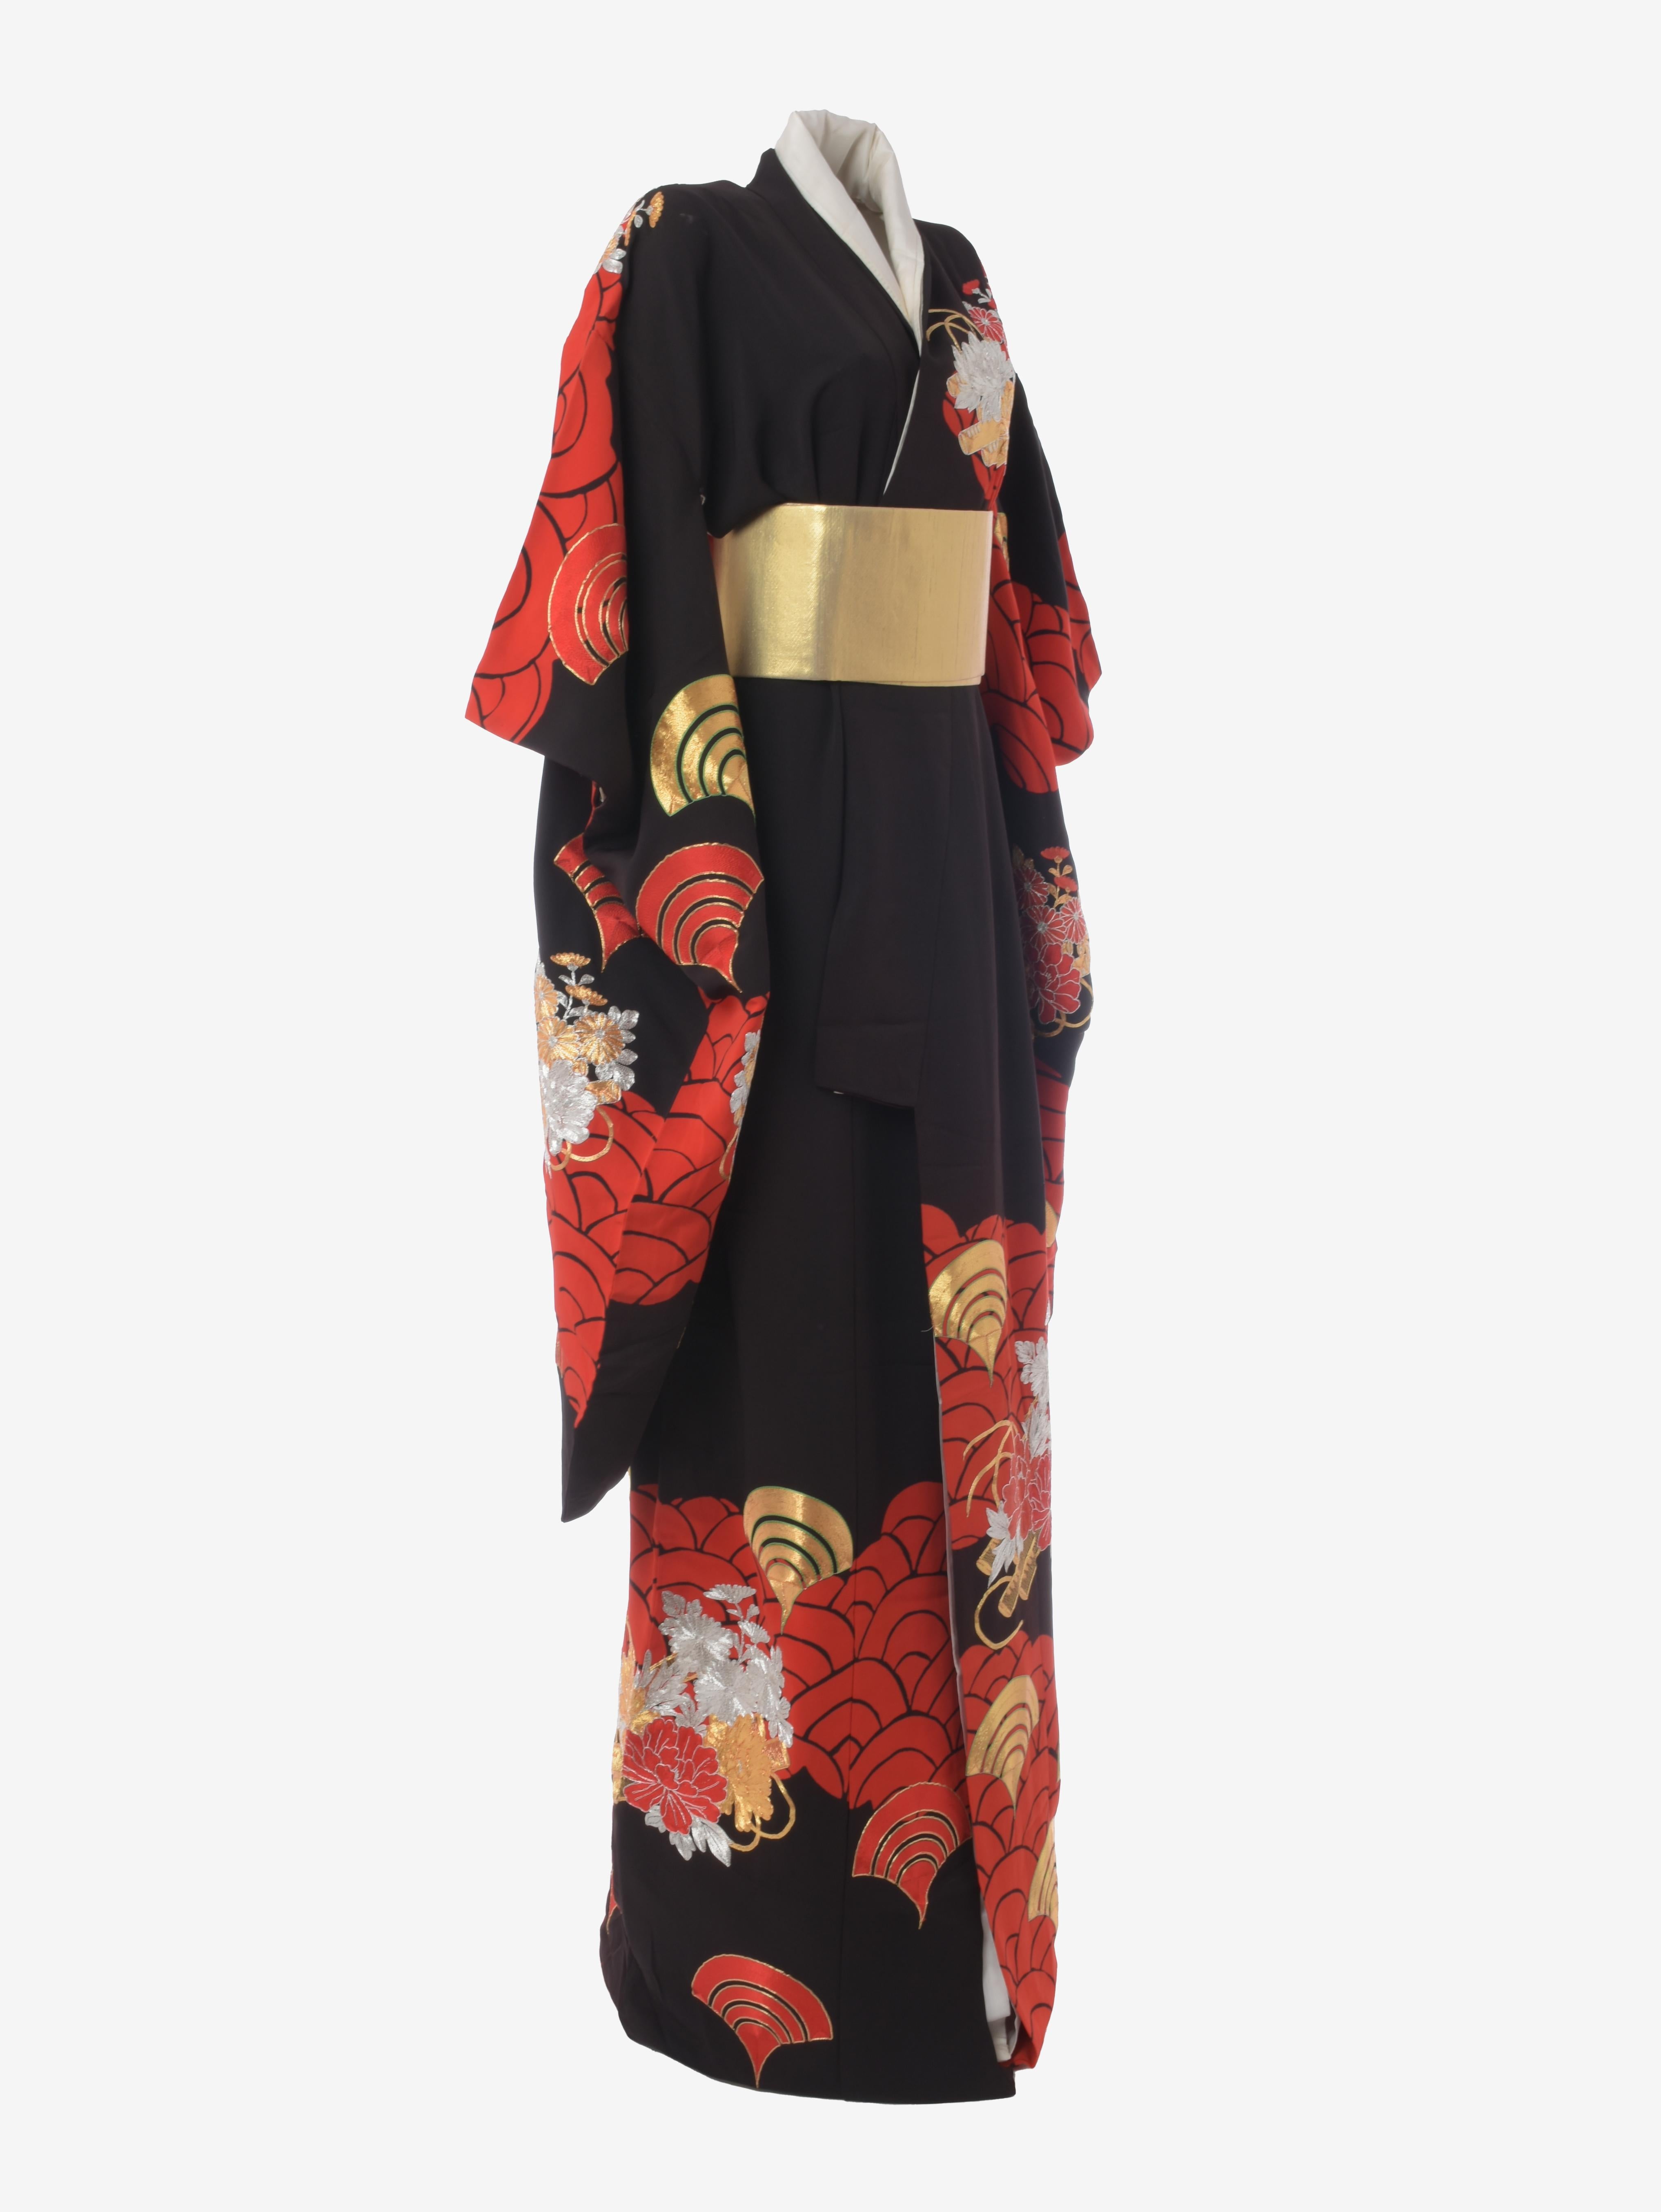 Black Kimono Uchikake is a gorgeous and majestic Japanese uchikake silk wedding kimono fully embroidered with chrysanthemum flowers and gingko leaves.

CONDITION
Very good vintage condition

COMPOSITION
100%

_ _ _ _ _ _ _

YOUR INSTRUCTIONS:
Would you write out the material above in full, exactly as given, except for its pictures?

RESULT:
 Black Kimono Uchikake is a gorgeous and majestic Japanese uchikake silk wedding kimono fully embroidered with chrysanthemum flowers and gingko leaves.

CONDITION
Very good vintage condition

COMPOSITION
100%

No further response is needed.